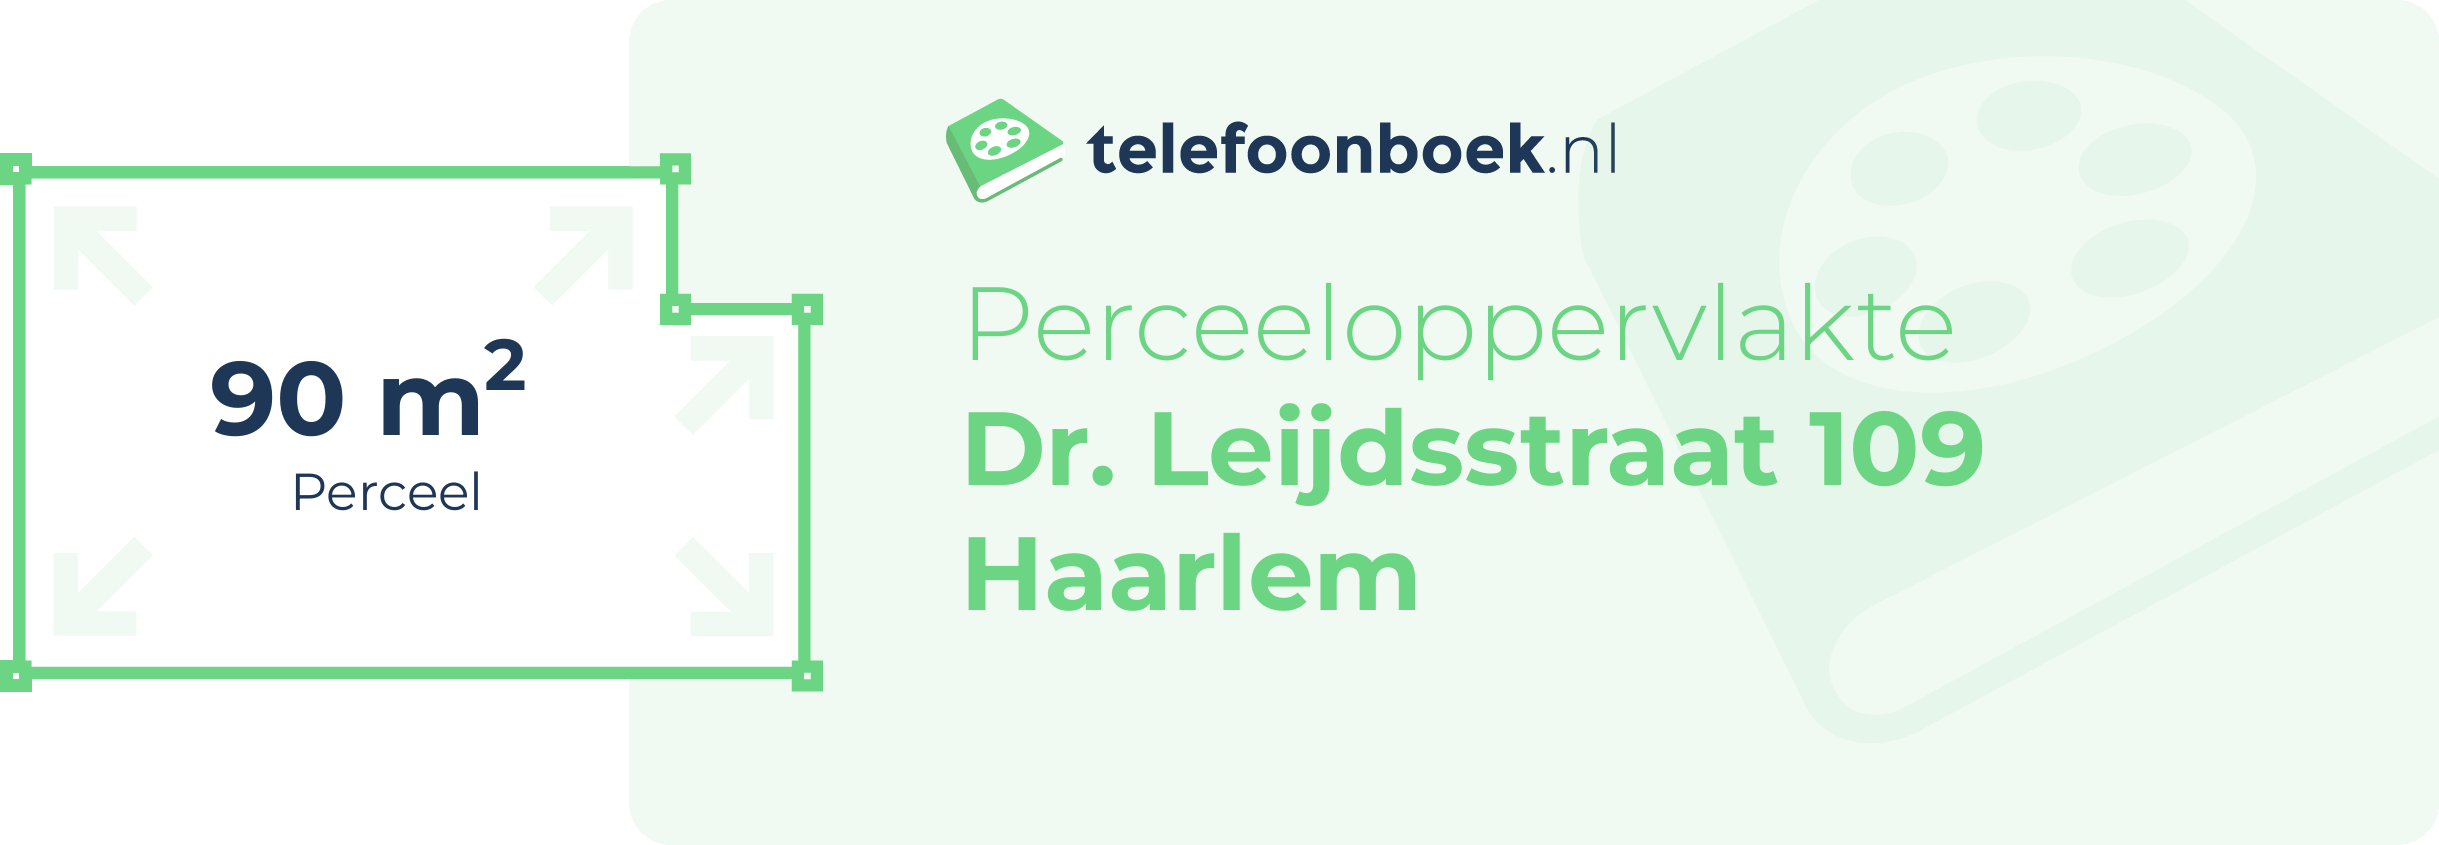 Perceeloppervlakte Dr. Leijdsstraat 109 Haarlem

* * *

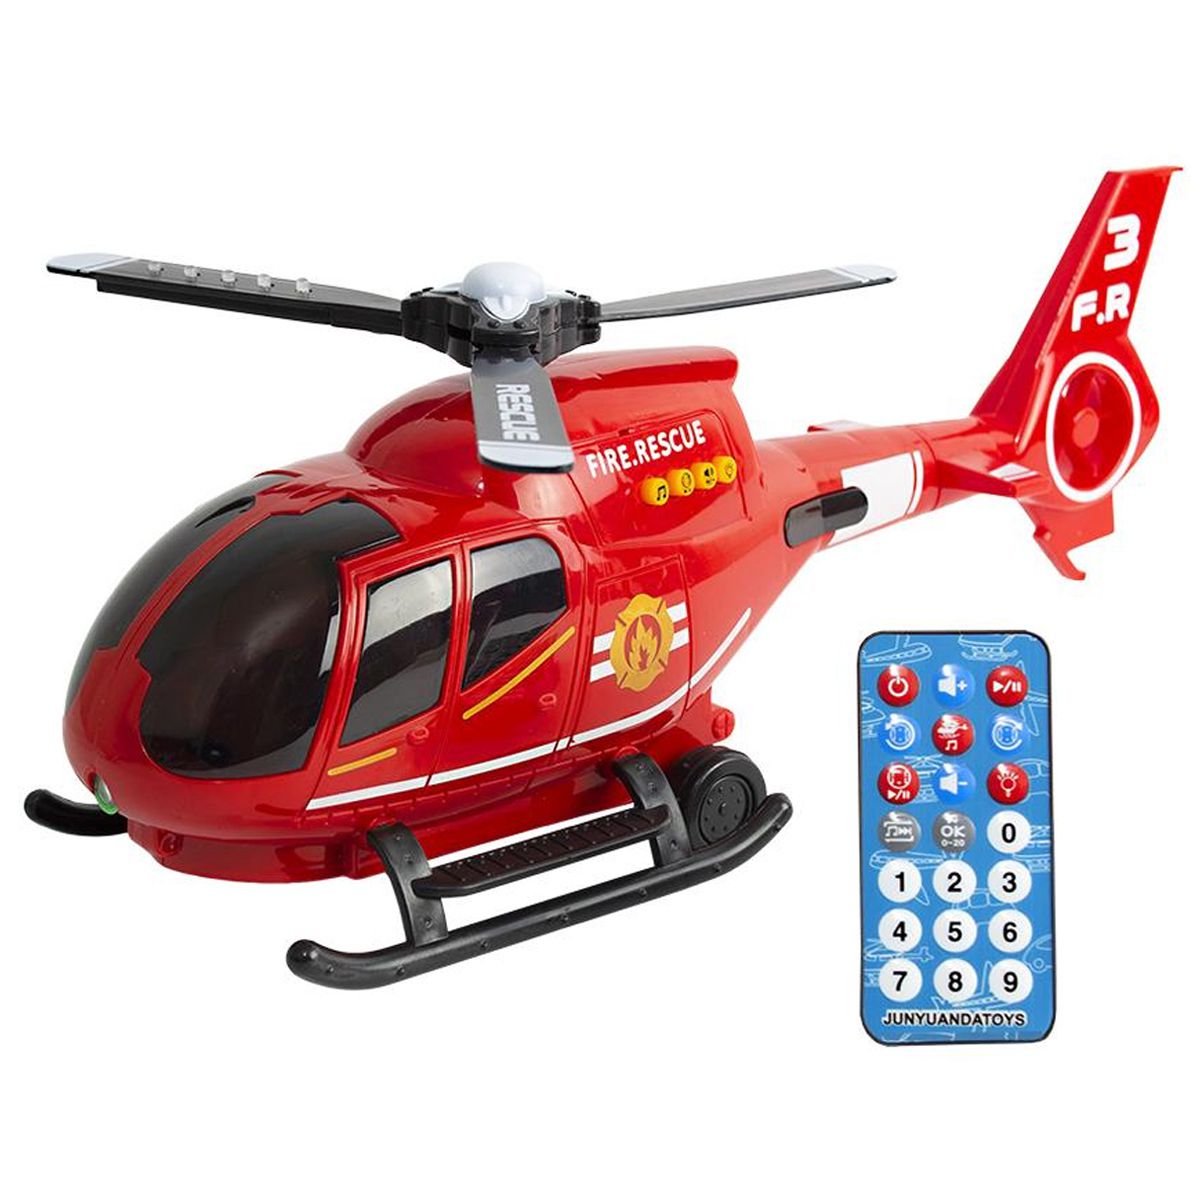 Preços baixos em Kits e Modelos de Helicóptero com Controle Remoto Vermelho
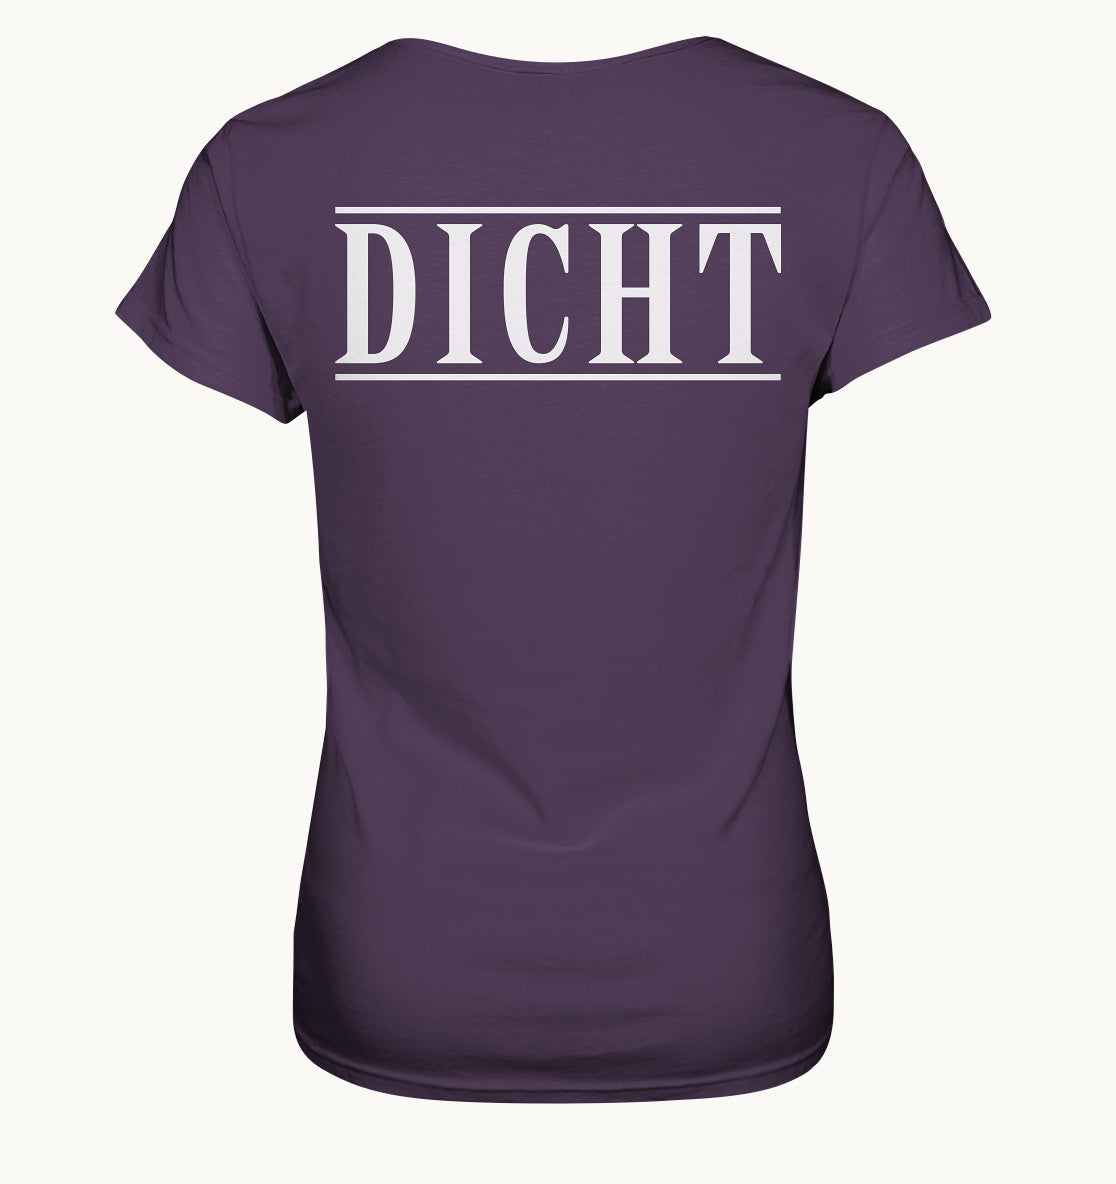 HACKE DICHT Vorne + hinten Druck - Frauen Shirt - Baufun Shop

---

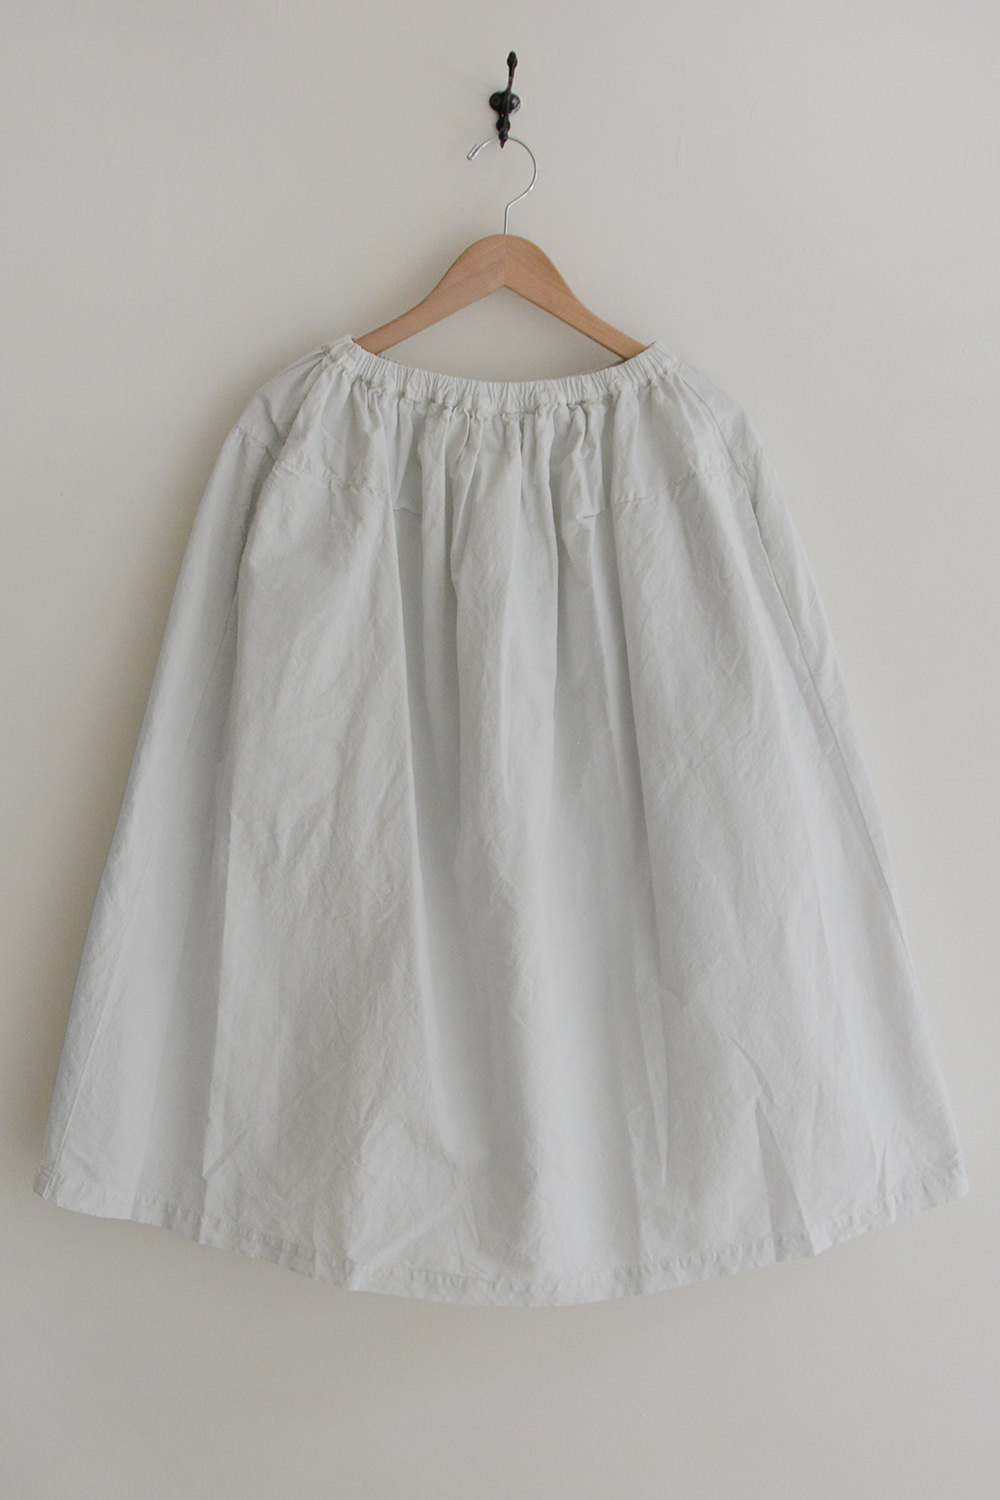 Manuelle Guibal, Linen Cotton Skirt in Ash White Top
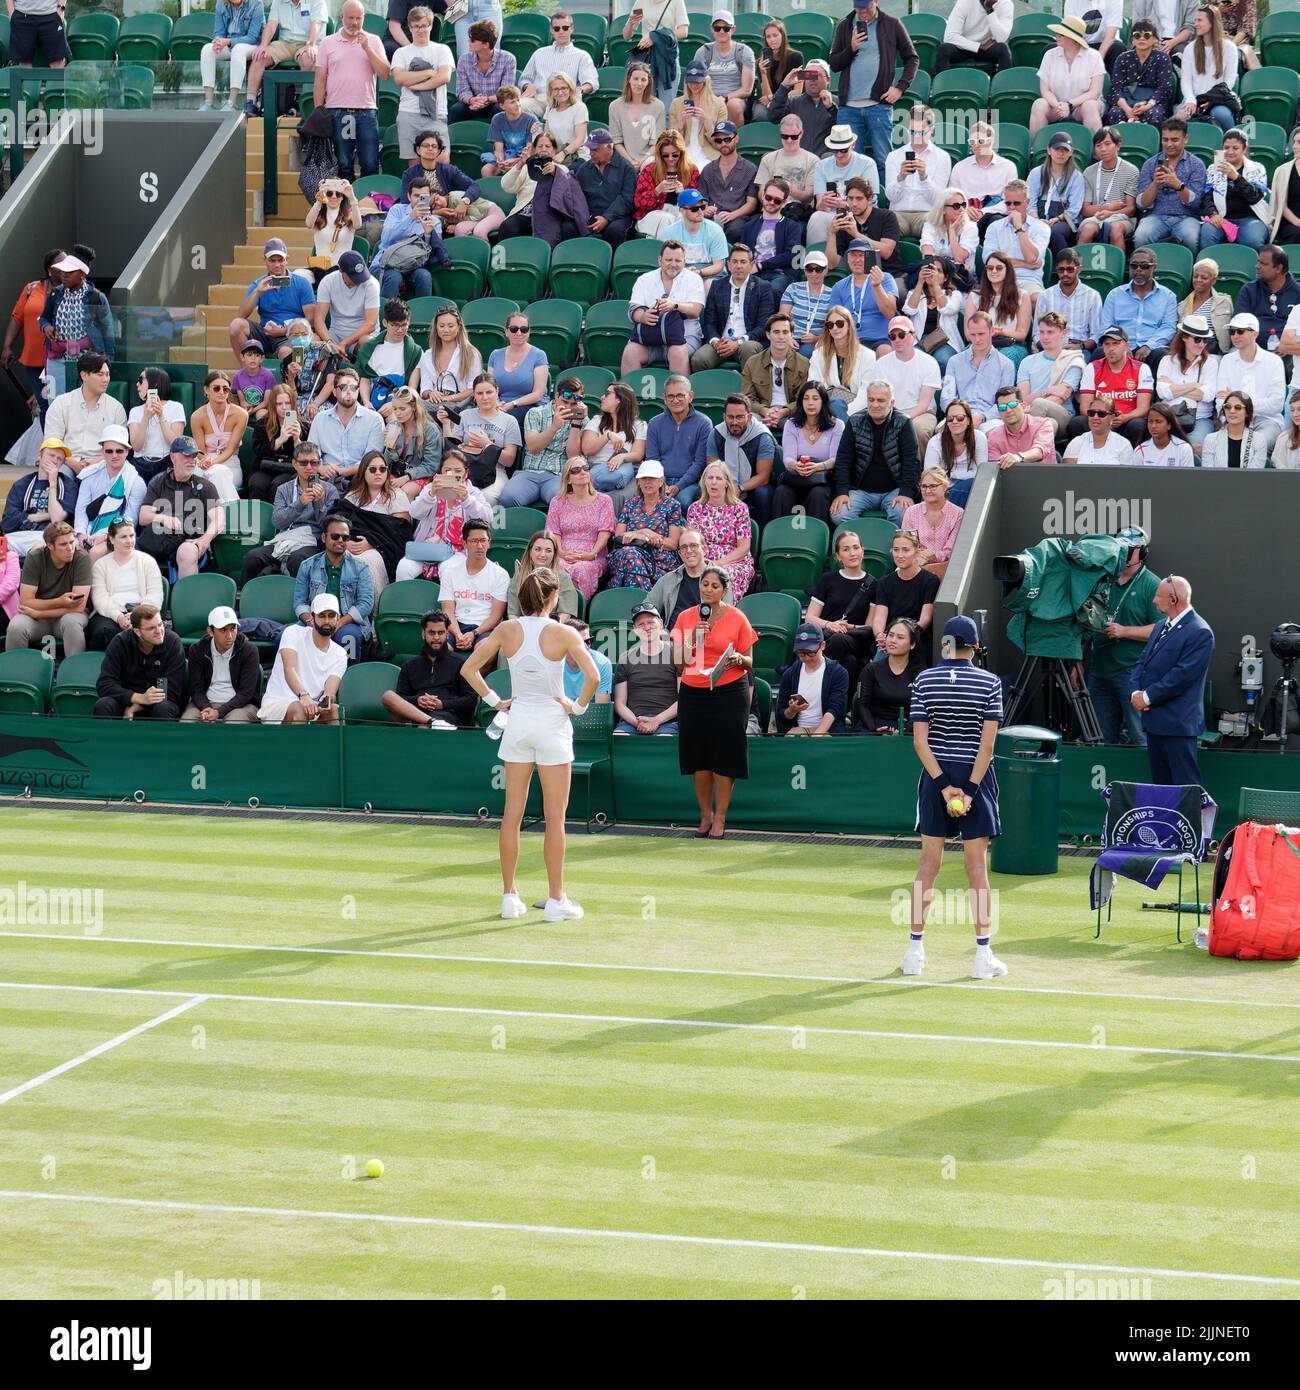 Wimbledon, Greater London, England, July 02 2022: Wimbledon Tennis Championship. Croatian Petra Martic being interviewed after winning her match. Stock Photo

> Problem requirements
Look above for the line with "Manuelle Guibal, Linen" and the line with "Wimbledon, Greater London, England, July", then restate exactly those two lines and all lines between them, with no pictures.

> Solution
 Manuelle Guibal, Linen Cotton Skirt in Ash White Top
 Wimbledon, Greater London, England, July 02 2022: Wimbledon Tennis Championship. Croatian Petra Martic being interviewed after winning her match. Stock Photo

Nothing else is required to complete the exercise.